Rule of thumb: If your CLAUDE.md hasn’t been updated in a month but your codebase has changed significantly, it’s probably stale. Documentation consistency agents prevent this drift automatically.
error
Error Pattern Tracking
Learning from agent mistakes across sessions
The System
Error pattern tracking logs every mistake the agent makes across all sessions: what the agent did wrong, what the correct action was, and what constraint or rule would have prevented it. Over time, this builds a failure taxonomy — a structured catalog of how agents fail in your specific codebase.
Using the Taxonomy
The failure taxonomy drives harness improvement: frequent failures become new lint rules or constraint document entries. Rare but severe failures become structural tests. Novel failures get investigated to understand whether they represent a new failure mode or a one-off. The taxonomy turns reactive firefighting into proactive prevention.
Key insight: Without error tracking, you fix the same types of mistakes repeatedly. With it, every mistake is an investment in prevention. The harness gets smarter with every failure it records.
balance
Entropy Budget
Managing the rate of codebase change
The Concept
Just as token budgets manage context window usage, an entropy budget manages the rate of codebase change. If agents are merging 100 PRs per week, the codebase is changing faster than humans can review for consistency. Setting limits on the rate of change — and scheduling cleanup proportionally — keeps entropy manageable.
Practical Guidelines
For every 10 feature PRs, schedule 1 cleanup PR. This 10:1 ratio keeps entropy from accumulating.

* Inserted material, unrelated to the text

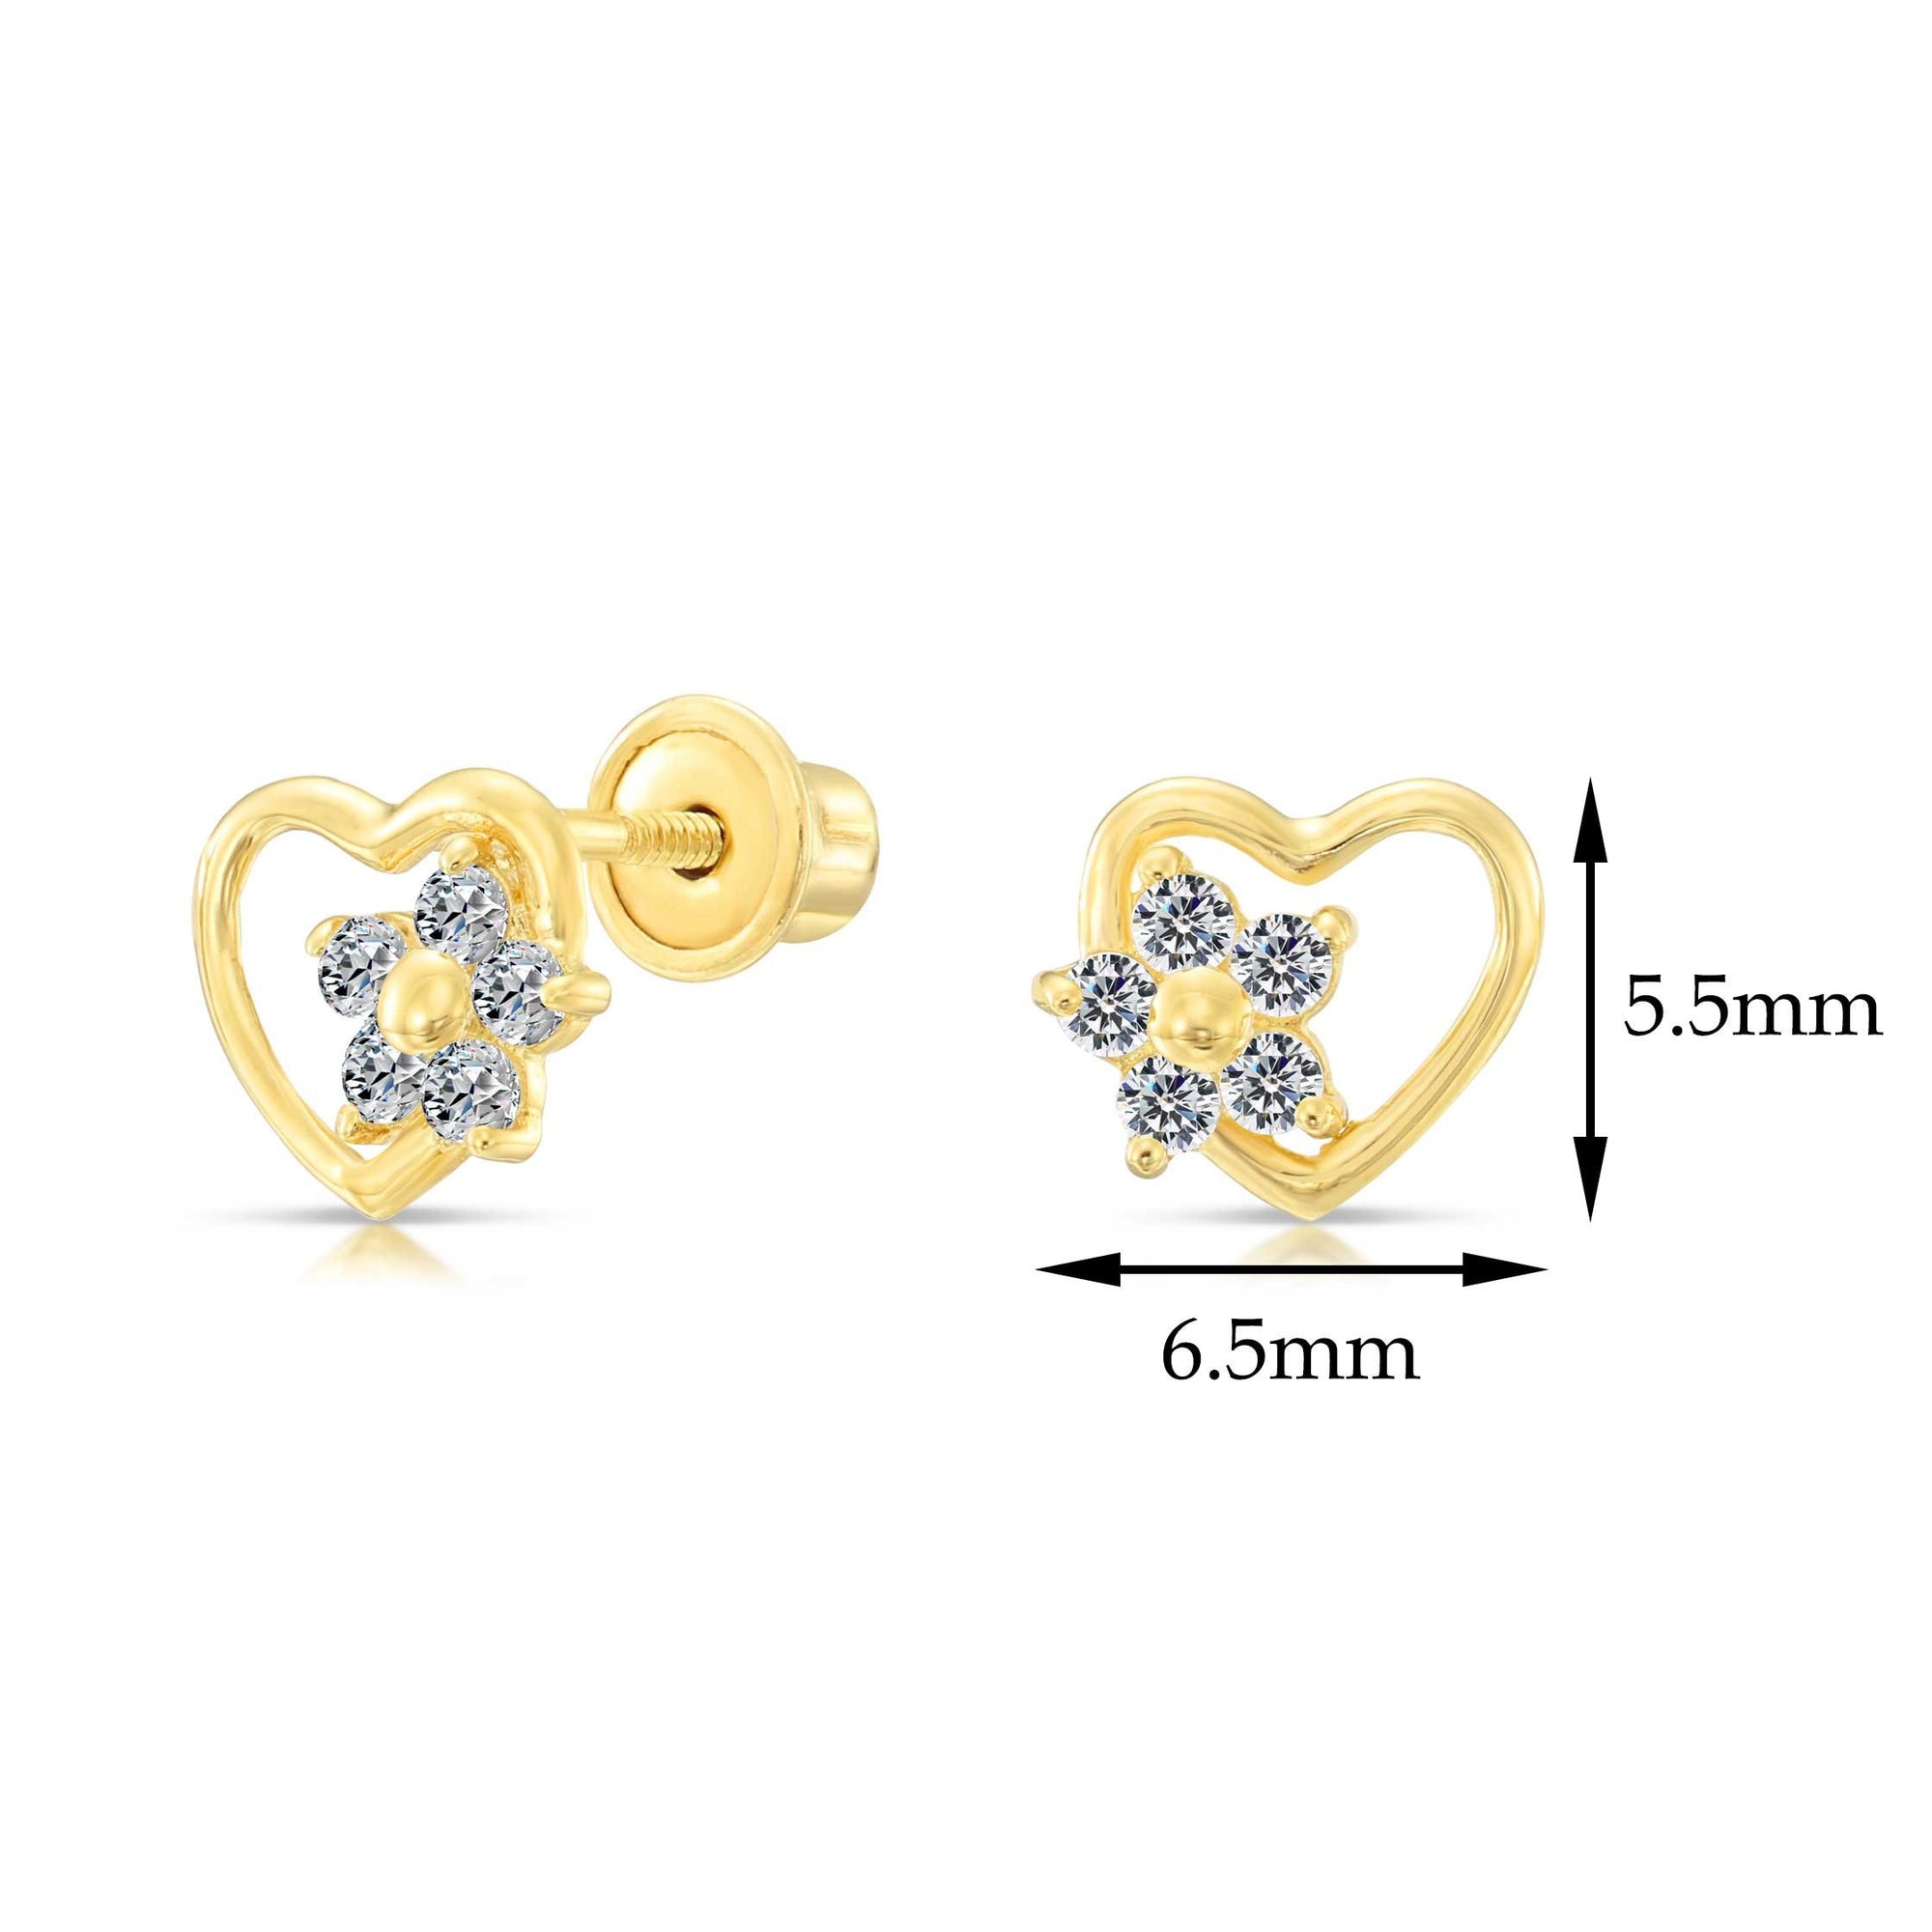 10K Yellow Gold Heart and Flower Stud Earrings
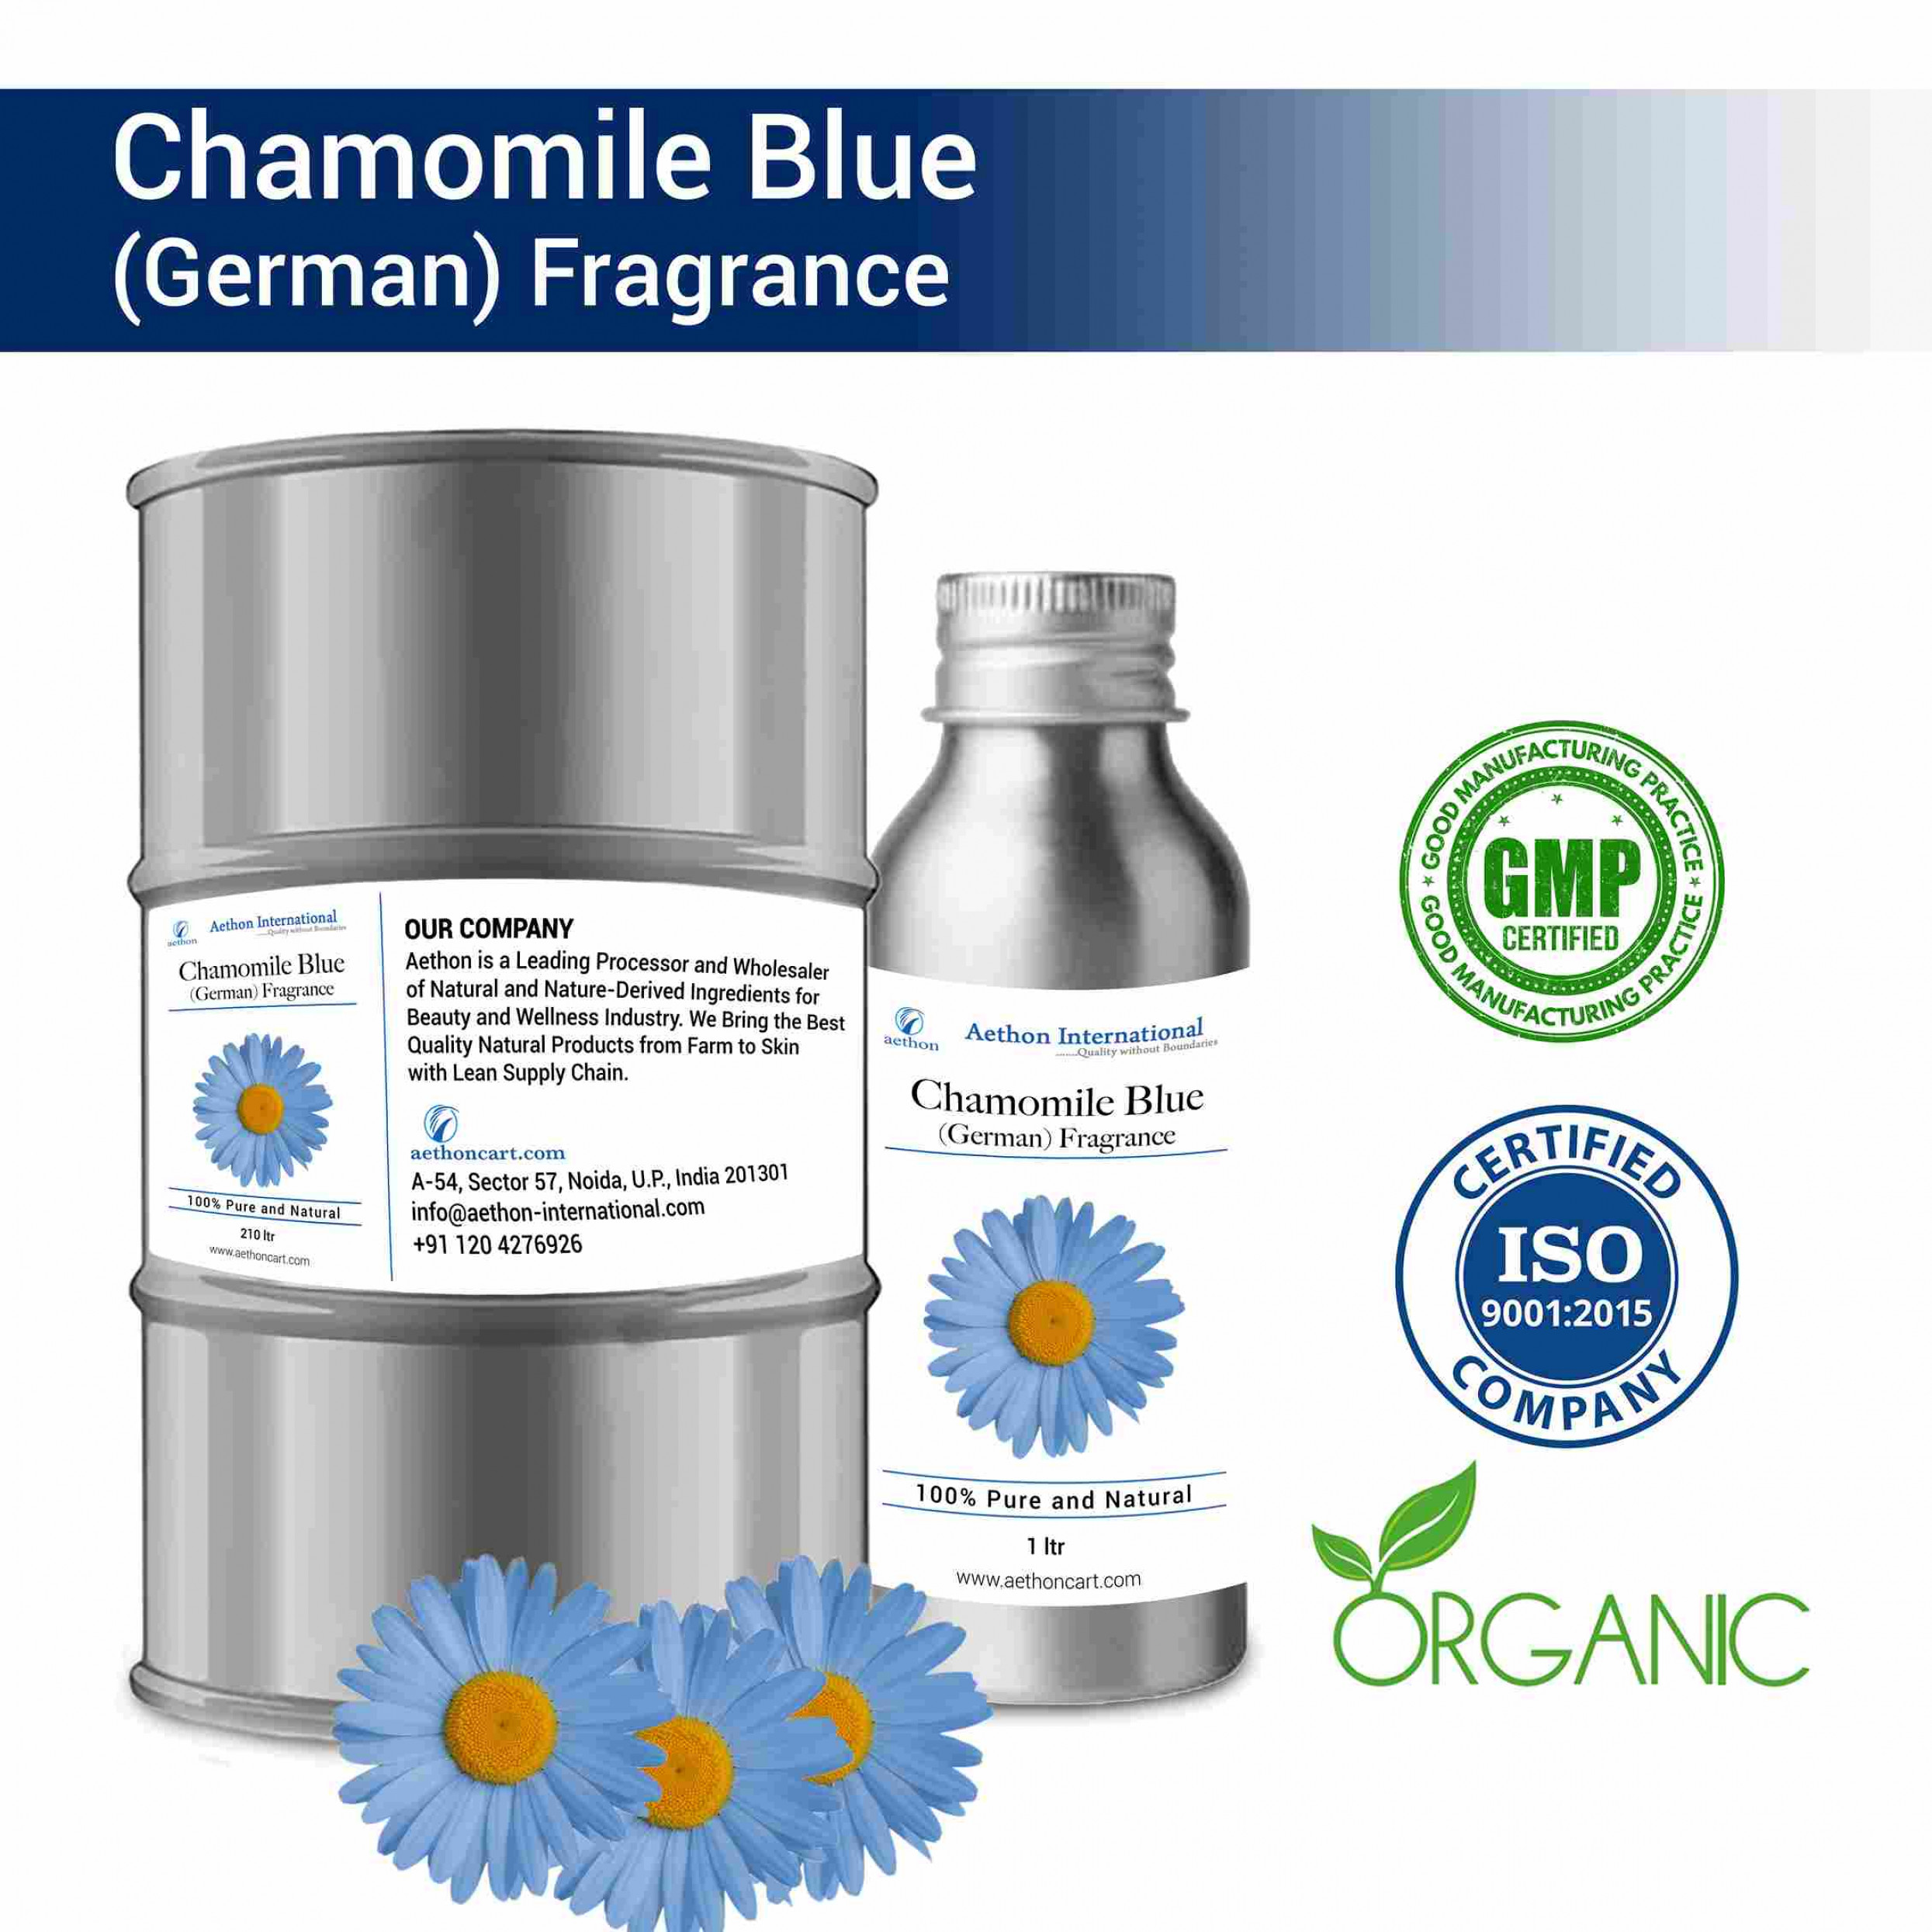 Chamomile Blue (German) Fragrance

Weekly consistency scans catch drift before it compounds.

Monthly constraint document reviews ensure rules match reality.

Quarterly architecture audits verify the big picture is still coherent.
Key insight: Entropy management is the long game of harness engineering. Individual tasks succeed or fail based on constraints and review. But the codebase’s long-term health depends on actively managing the cumulative effect of thousands of agent-generated changes.